Event: Dangote Sugar Refinery reports Q1 2017 results
Implications: Positive reaction by the market likely
Positives: Q1 sales of N59.5bn grew 83% y/y and 9% q/q respectively
Negatives: Gross margin contraction of -758bps q/q to 13.2% 

Late last week, Dangote Sugar Refinery (DSR) published its Q1 2017 results which showed that sales were up by 83% y/y to N59.5bn while PBT and PAT both grew by 38% y/y and 43% y/y respectively.  

The strong sales growth more than offset the negative impact of a gross margin contraction of -758bps y/y to 13.2% and opex growth of 29% y/y, leading to the y/y improvement in profitability.  

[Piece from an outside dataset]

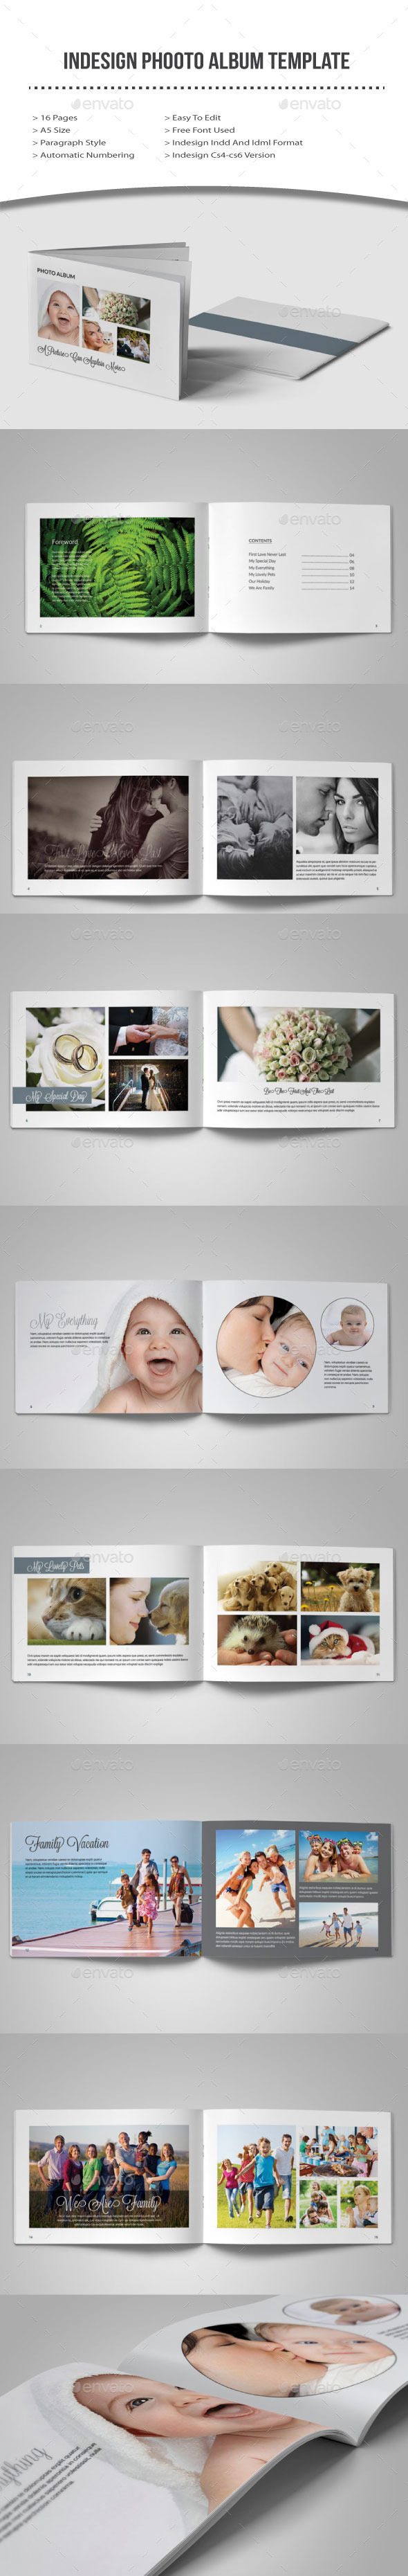 Indesign  Photo Album Template - Photo Albums Print Templates

To a lesser extent, other income, which was boosted by investment income on bank deposits and fair value adjustments on biological assets, supported PBT growth. PAT was up by 43% y/y due to a comparatively lower effective tax rate of 32.4% compared with 34.7% in the corresponding quarter of 2016.  

Sugar price increases over the last 12 months were the primary driver behind the sales  growth recorded during the quarter as the company pushed through increasing production costs. We estimate that prices were raised by around 75% over the period from c.N7,500/50kg of finished sugar. Higher imported raw sugar (a key raw material) prices were the primary driver behind the gross margin contraction.  

On a sequential basis, while sales were up 9% q/q, PBT grew by 64% q/q due to a gross margin expansion of +585bps q/q and a -14% q/q decline in operating expenses. PAT growth came in at 11% q/q due to a relatively higher effective tax rate compared with Q4 2016.  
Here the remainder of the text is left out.